Exactly the lines from the one containing "Macrame Swing Chair" through the end of the data, and nothing more, should be retyped; pictures stay out.

-- DATA EXTRACT --

■ ■ ■ ■ ■ ■ ■

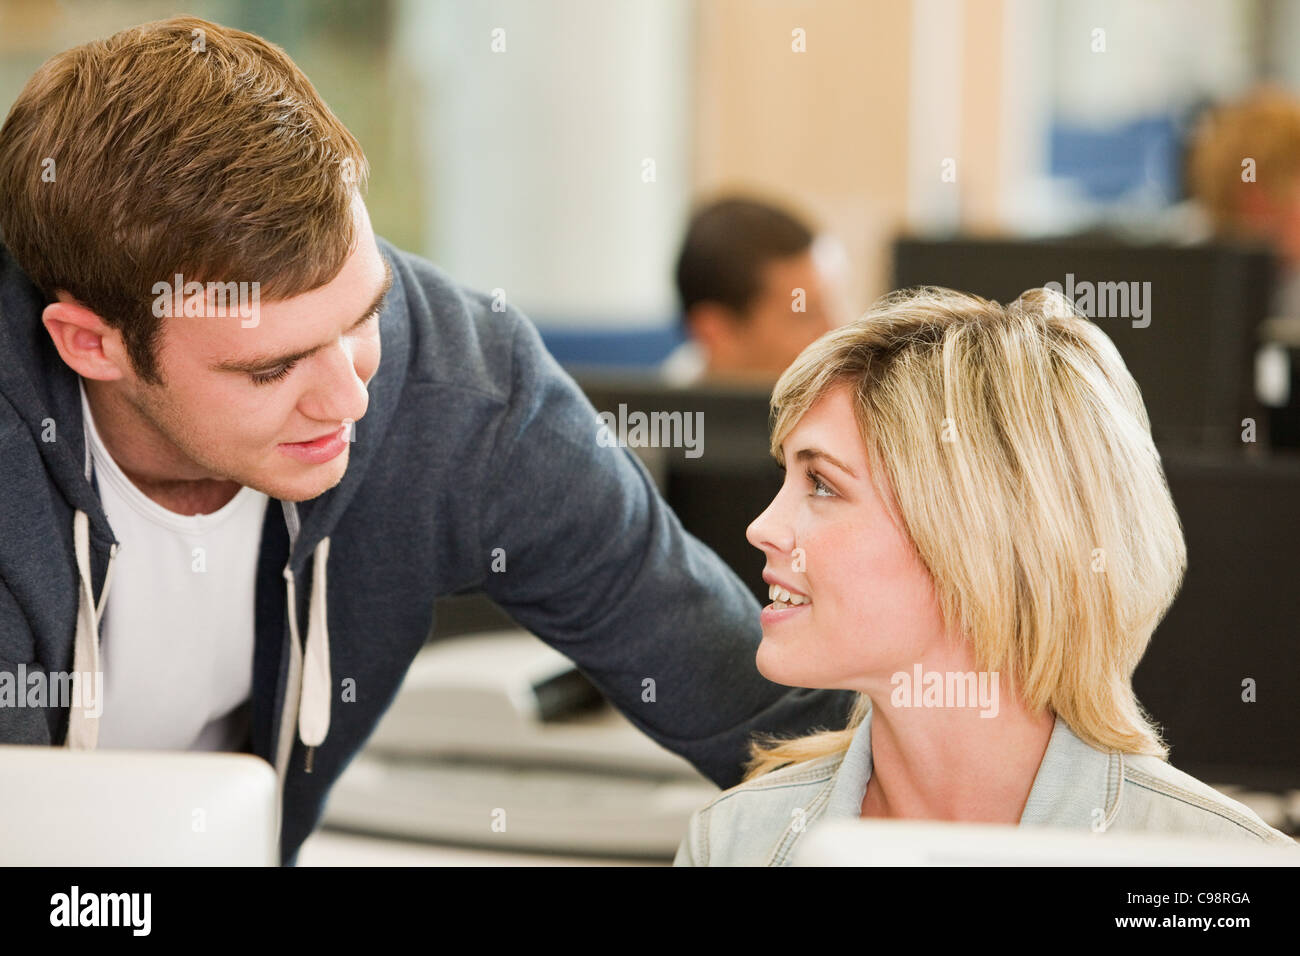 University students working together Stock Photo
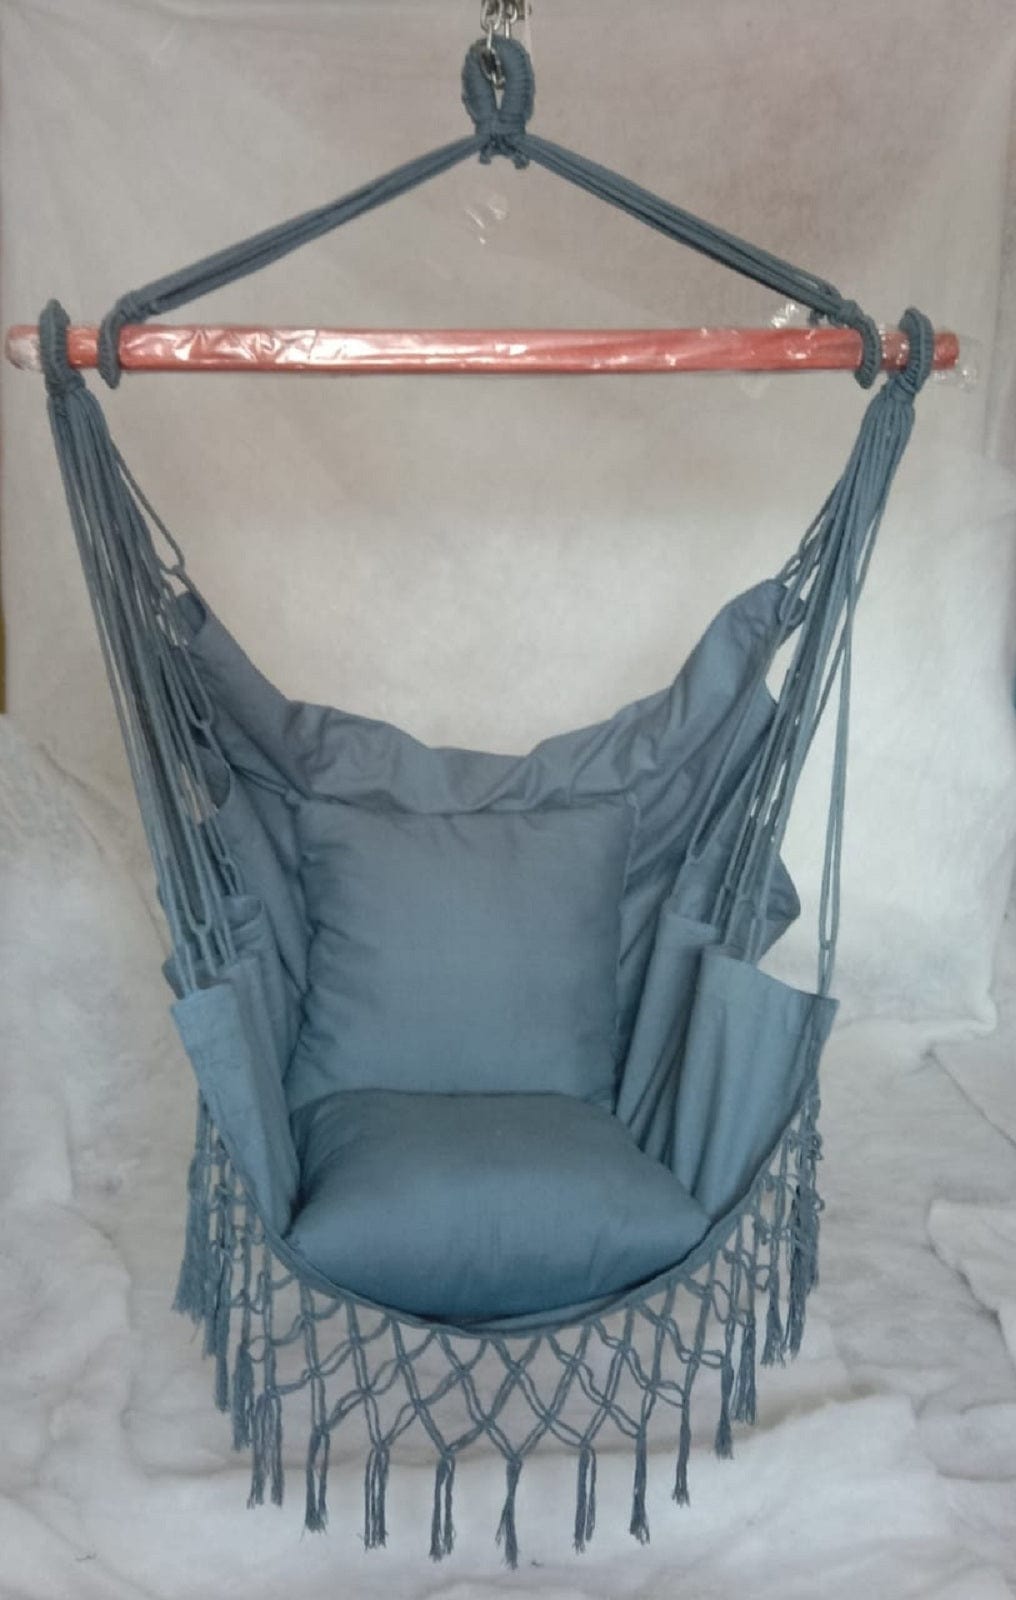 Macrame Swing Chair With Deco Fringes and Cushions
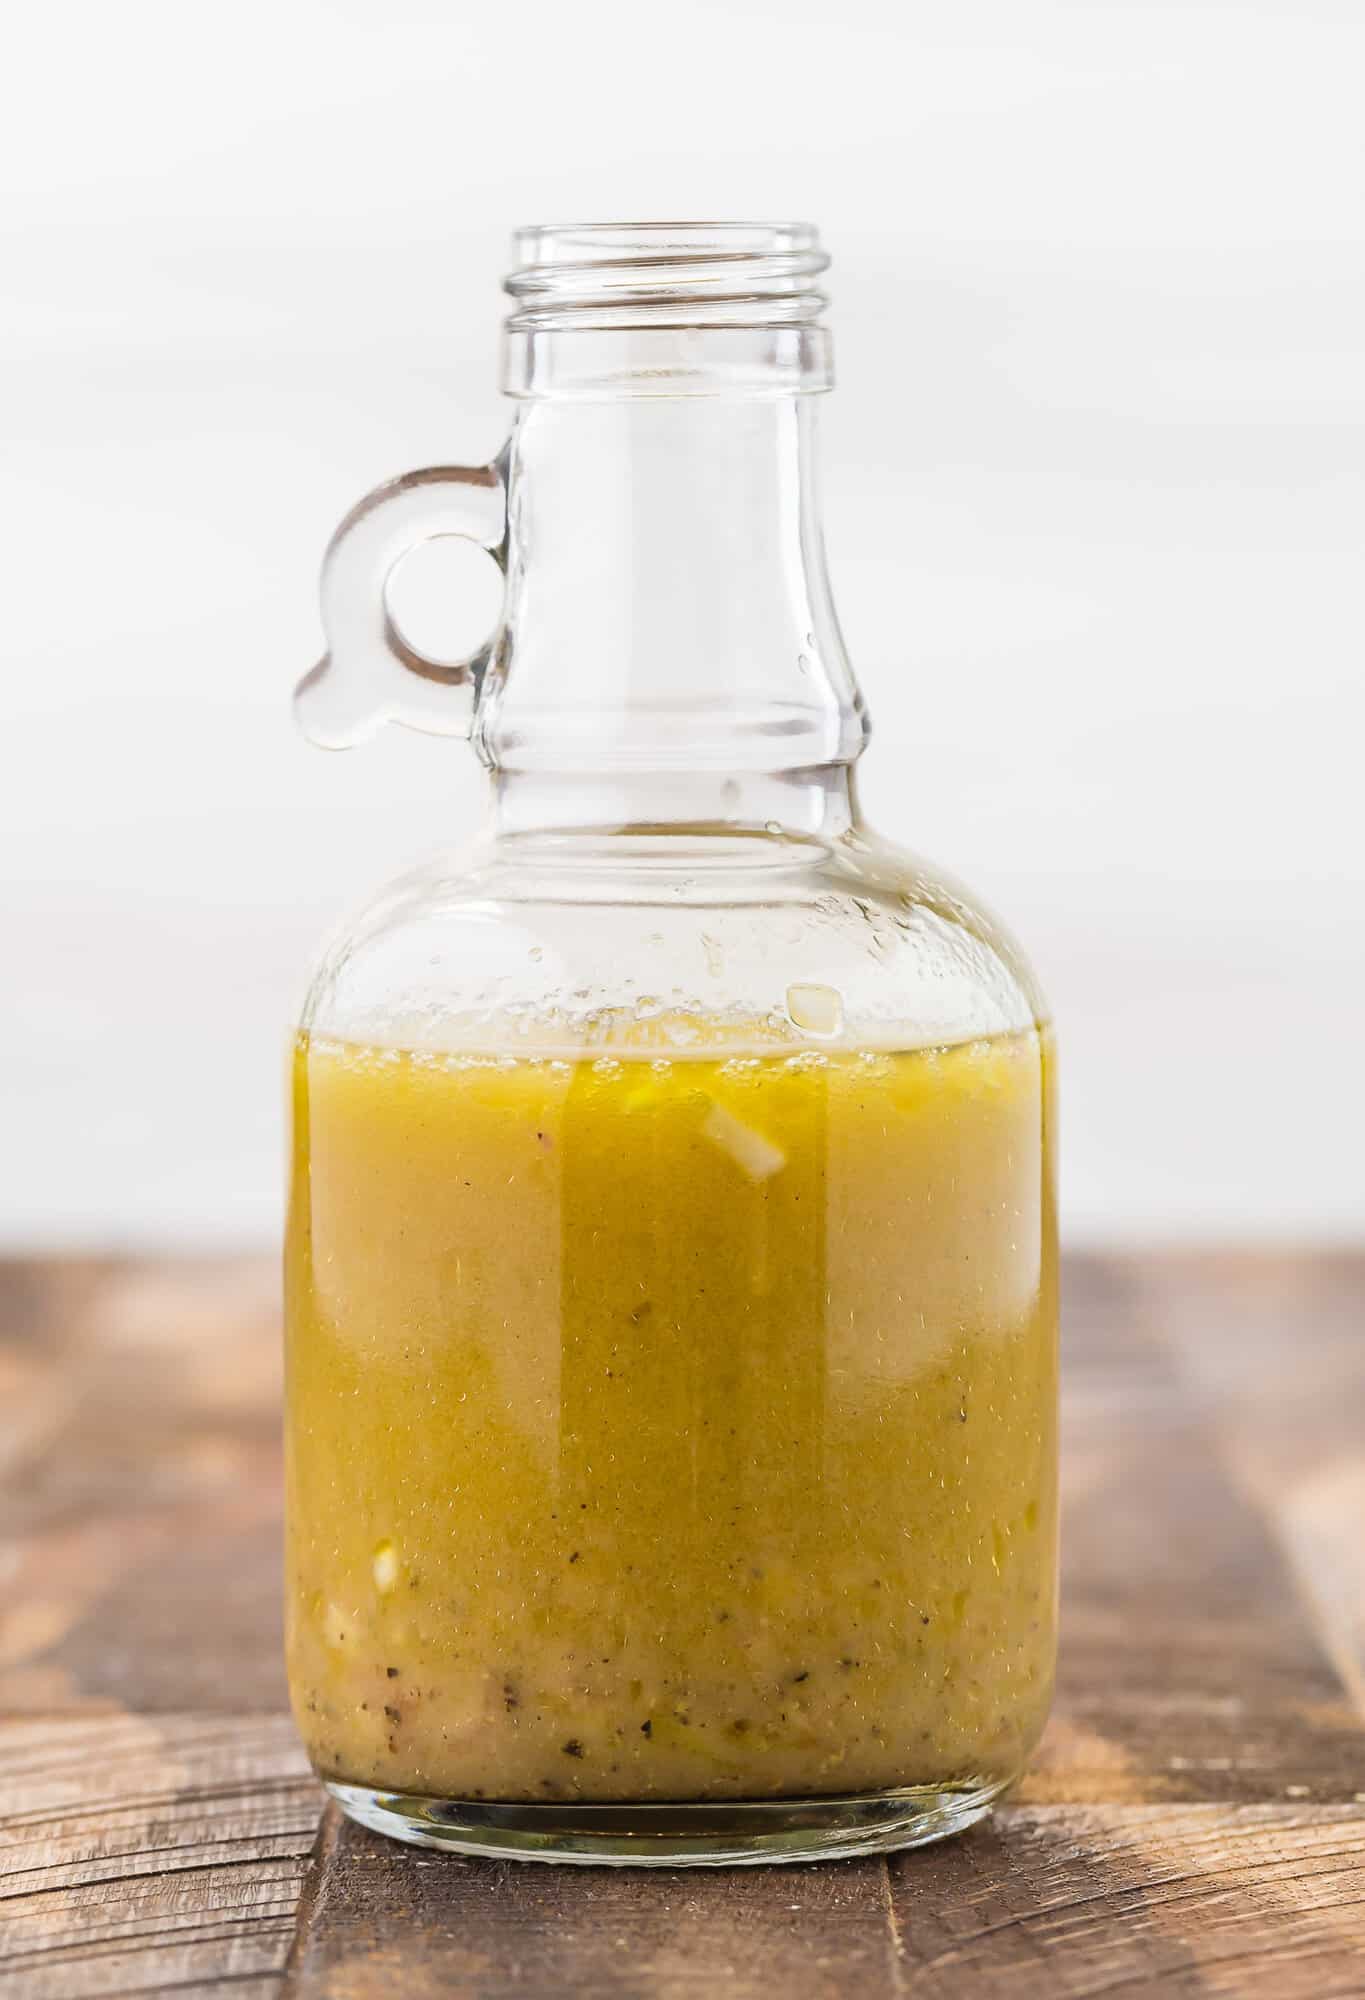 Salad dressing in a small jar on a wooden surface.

■ ■ ■ ■ ■ ■ ■

-- RESPONSE TO THE TASK --
 Macrame Swing Chair With Deco Fringes and Cushions
 Salad dressing in a small jar on a wooden surface.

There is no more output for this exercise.